Guessing at how to combine these two Survival Functions is difficult. As such I'm using the SKLearn package to build a DecisionTree and a Naive-Bayes predictor using ONLY THESE PARAMETERS. This has the advantage of not directly biasing any future selection from these results. I'm also comparing this to a simple DummyClassifier which will guess that all patients return.


In [8]:
from sklearn.metrics import auc_score, zero_one_loss, roc_curve
from sklearn.tree import DecisionTreeClassifier, export_graphviz
from sklearn.cross_validation import cross_val_score, Bootstrap
from sklearn.naive_bayes import GaussianNB
from sklearn.svm import SVC
from sklearn.ensemble import AdaBoostClassifier
from sklearn.dummy import DummyClassifier
from sklearn.linear_model import LogisticRegression

X = ndata.dropna()[['CohortSF', 'PatSF']].values
y = ndata.dropna()['Returned'].values

In [9]:
import matplotlib.pyplot as plt
from collections import defaultdict

classifiers = [(DecisionTreeClassifier(), 'DecisionTree', 'r'),
               (GaussianNB(), 'NaiveBayes', 'g'),
               (AdaBoostClassifier(), 'Adaboost', 'c'),
               (LogisticRegression(), 'Logistic', 'k'),
               (DummyClassifier(), 'Dummy', 'b')]
plt.figure(figsize = (10,10))

losses = defaultdict(float)
nreps = 5
for train, test in Bootstrap(len(y), nreps):
    
    for pred, name, color in classifiers:
        fitted = pred.fit(X[train, :], y[train])
        pred_y = fitted.predict_proba(X[test, :])
        fpr, tpr, _ = roc_curve(y[test], pred_y[:,1])
        plt.plot(fpr, tpr, color, label=name)
        losses[name] += zero_one_loss(y[test], fitted.predict(X[test, :]))/nreps
    
plt.xlabel('False-Positive-Rate')
plt.ylabel('True-Positve-Rate')
plt.legend(['DecisionTree', 'NaiveBayes', 'Adaboost', 'Logistic', 'Dummy'], 'lower right');


The ROC curve is a commno method to look at the effectiveness of a classifier. It measures the trade-off between True-Positves and False-Negatives. The larger the Area Under the Curve the better the score. A random coin flip would have an area of 0.5 (the blue line).


In [10]:
scores = numpy.array([losses[name] for name in ['DecisionTree', 'NaiveBayes', 'Adaboost', 'Logistic', 'Dummy']])
plt.bar([1, 2, 3,4,5], scores, width = 0.5)
plt.ylabel('%Miss-classified')
plt.xticks([1.25,2.25,3.25,4.25,5.25], ['DecisionTree', 'NaiveBayes', 'Adaboost', 'Logistic', 'Dummy']);


This graph shows the effectiveness of each of the three methods.
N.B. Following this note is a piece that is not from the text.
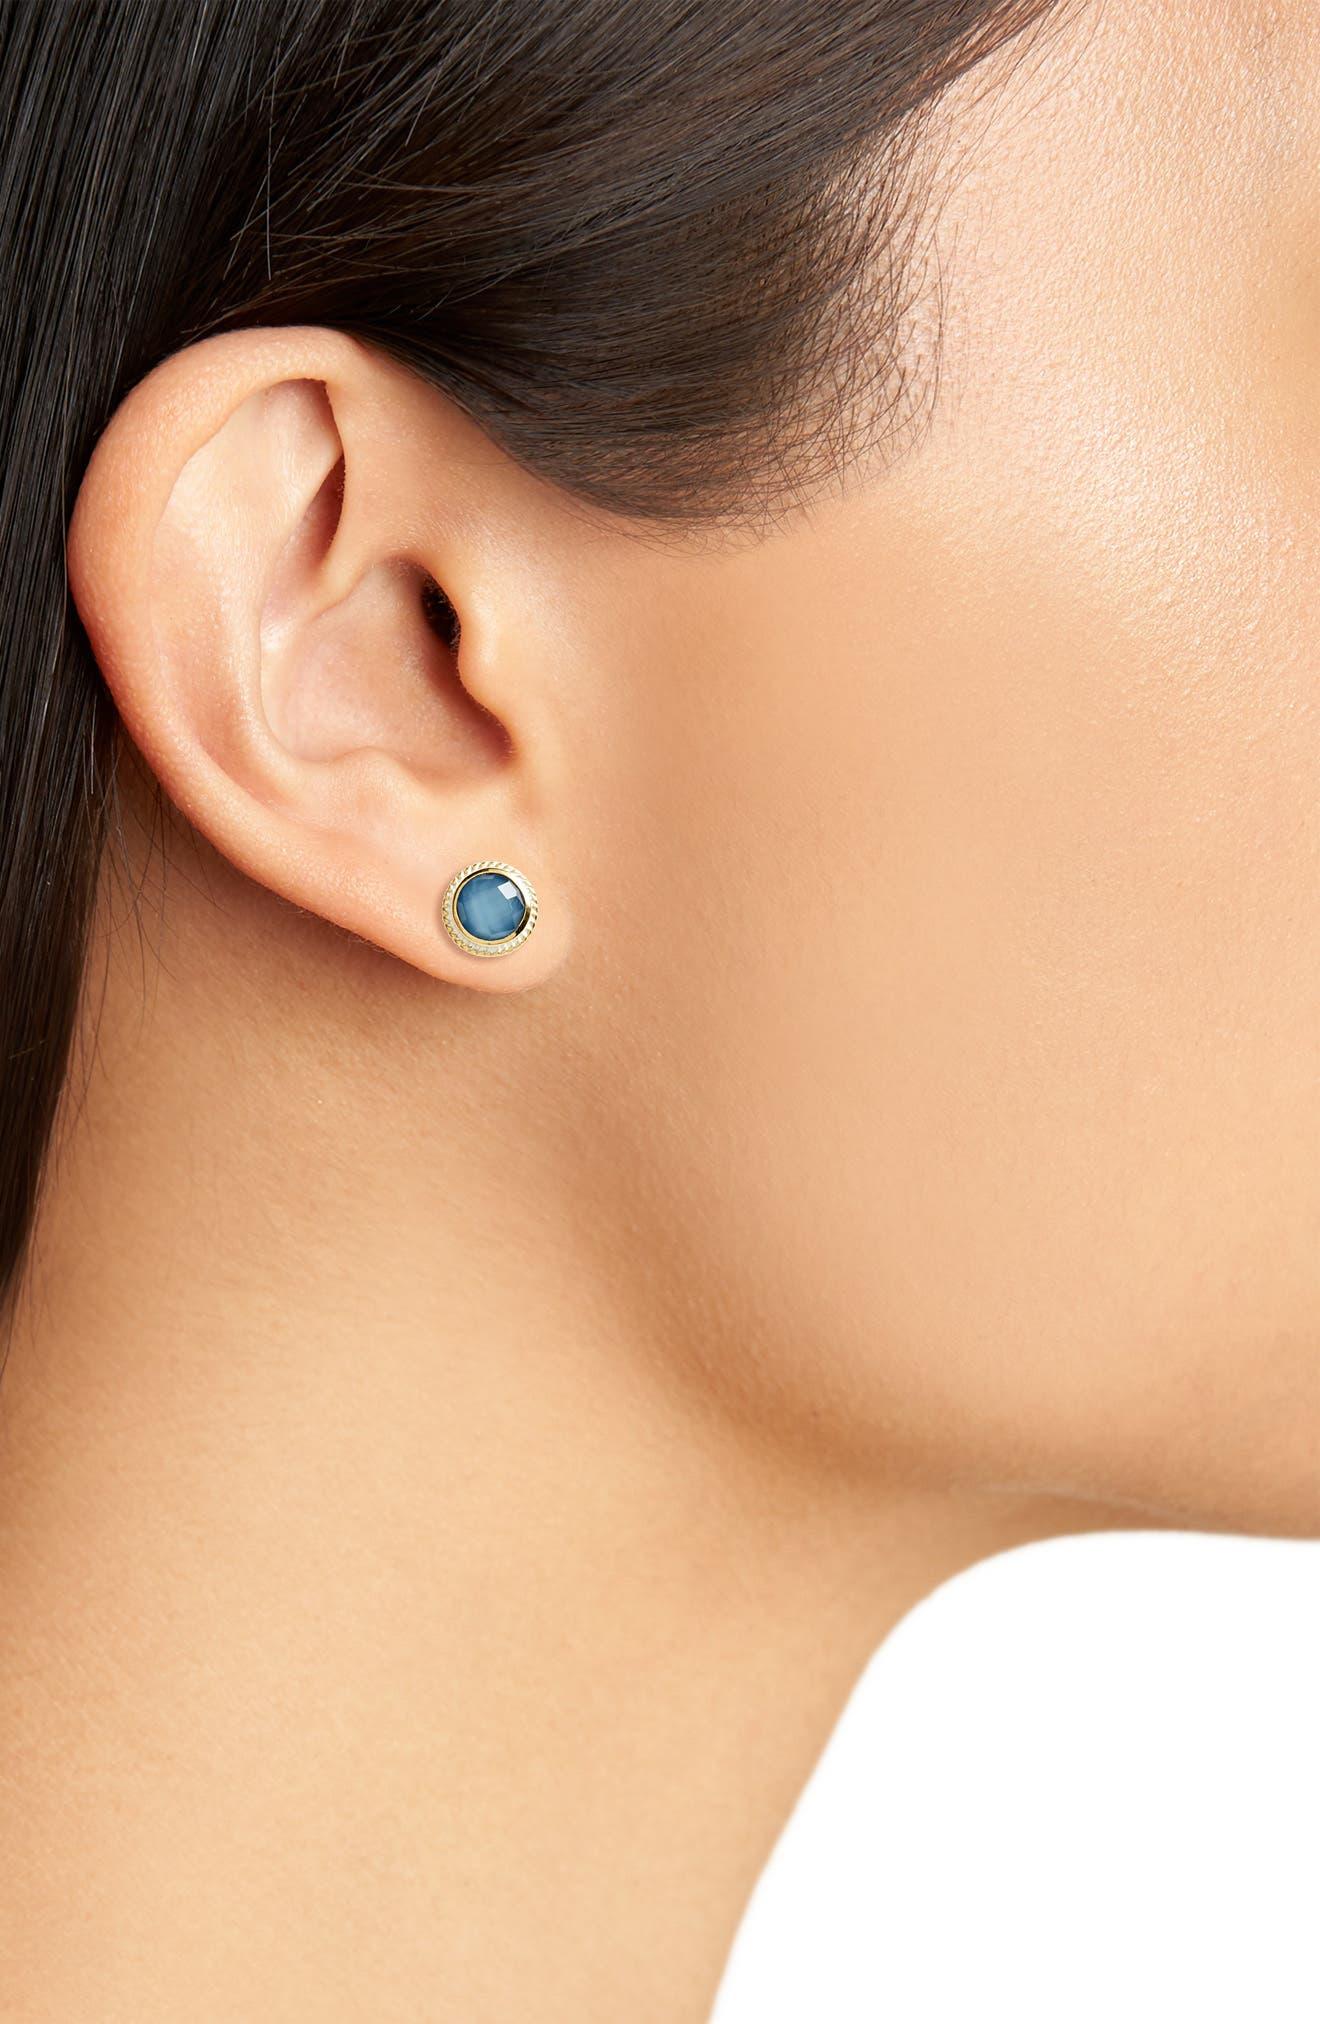 Stone Stud Earrings,                             Alternate thumbnail 2, color,                             Gold/ Blue Quartz

The y-axis represents the fraction of miss-classified samples (averaged over 5 trials). We can see that the DecisionTree has only a 3% likelihood of mis-classifying a patient as return or not return. We can use this classifier to prioritize which patients we call for return visits.


In [11]:
def expand_sf_data(inpat):
    dates = pd.date_range('1/1/2013', periods = 30, freq = 'M')
    if len(inpat) > 3:
        mu = inpat['DiffDate'].mean()
        st = inpat['DiffDate'].std()
        obj = norm(loc=mu, scale=st)
    else:
        obj = norm(loc=pat_mu, scale=pat_std)
    
    outdata = pd.DataFrame(columns = ['CohortSF', 'PatSF', 'LastVisit', 'DiffDays'],  
                           index = pd.Index(dates, name = 'Date'))
    
    try:
        ldate = inpat.iloc[-2]['Date']
        lvisit = inpat.index[-2][1]
    except IndexError:
        lvisit = 'R01'
        ldate = inpat.iloc[0]['Date']
    
    outdata['LastVisit'] = lvisit
    
    for date in dates:
       
        diff_date = (date - ldate).days

        outdata.ix[date]['CohortSF'] = cohort_norm[lvisit].sf(diff_date)
        outdata.ix[date]['PatSF'] = obj.sf(diff_date)
        outdata.ix[date]['DiffDays'] = diff_date
        
    return outdata

edata = odata.groupby(level=0).apply(expand_sf_data)

In [12]:
X = ndata.dropna()[['CohortSF', 'PatSF']].values
y = ndata.dropna()['Returned'].values
predictor = AdaBoostClassifier().fit(X,y)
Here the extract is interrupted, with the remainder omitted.